3.1.2. FNA of cysts and fluid collections Cysts and other fluid collections can be readily aspirated with a fine needle (Fig. 3). On occasion, an 18-gauge needle may be needed to drain an inspissated cyst, which typically contains toothpaste-like material (Fig. 4). In such a case, it may not be possible to drain the cyst completely. When an intracystic tumor is suspected based on sonograms, a pneumocystogram can be obtained after injecting into the cyst a volume of air equal to the volume of fluid aspirated. However, the pneumocystogram is not really necessary for diagnostic purposes since this type of lesion needs to be excised anyway. Pneumocystography may still be useful to confirm that a small indeterminate mass on mammograms was indeed a cyst when the correlation between US and mammography was not clear. Other collections that can be subjected to US-guided diagnostic FNA or percutaneous drainage in the proper clinical setting include postoperative hematomas, lymphoceles, and abscesses.

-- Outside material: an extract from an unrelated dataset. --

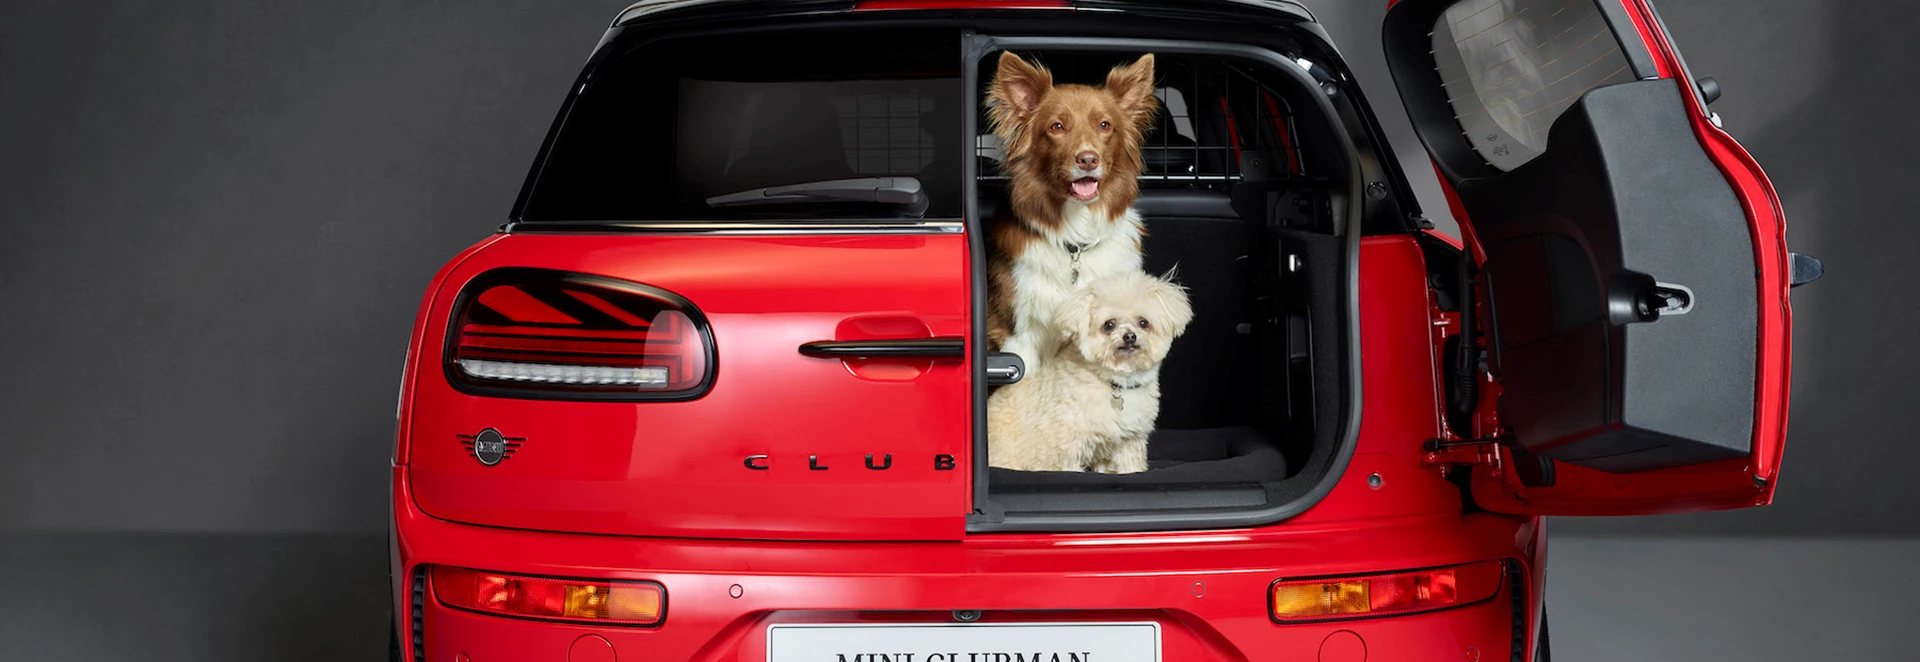 Best cars for dog owners 2021 (1)

Fig. 1. Technique of US-guided FNA. (A) Photograph shows the insertion of the needle, attached to a 20-ml syringe, during US-guided FNA. (B) Sonogram shows the tip of the fine needle (arrows) inside the target lesion (arrowheads).

3.1.3. FNA of solid masses FNA of infiltrating ductal carcinomas usually yields highly cellular cytologic specimens; with US guidance, the diagnosis is established with a single pass in the majority of cases (Fig. 5). On occasion, a scirrhous carcinoma may be difficult to sample by FNA. As a rule, an insufficient specimen must be regarded as a failure of the procedure.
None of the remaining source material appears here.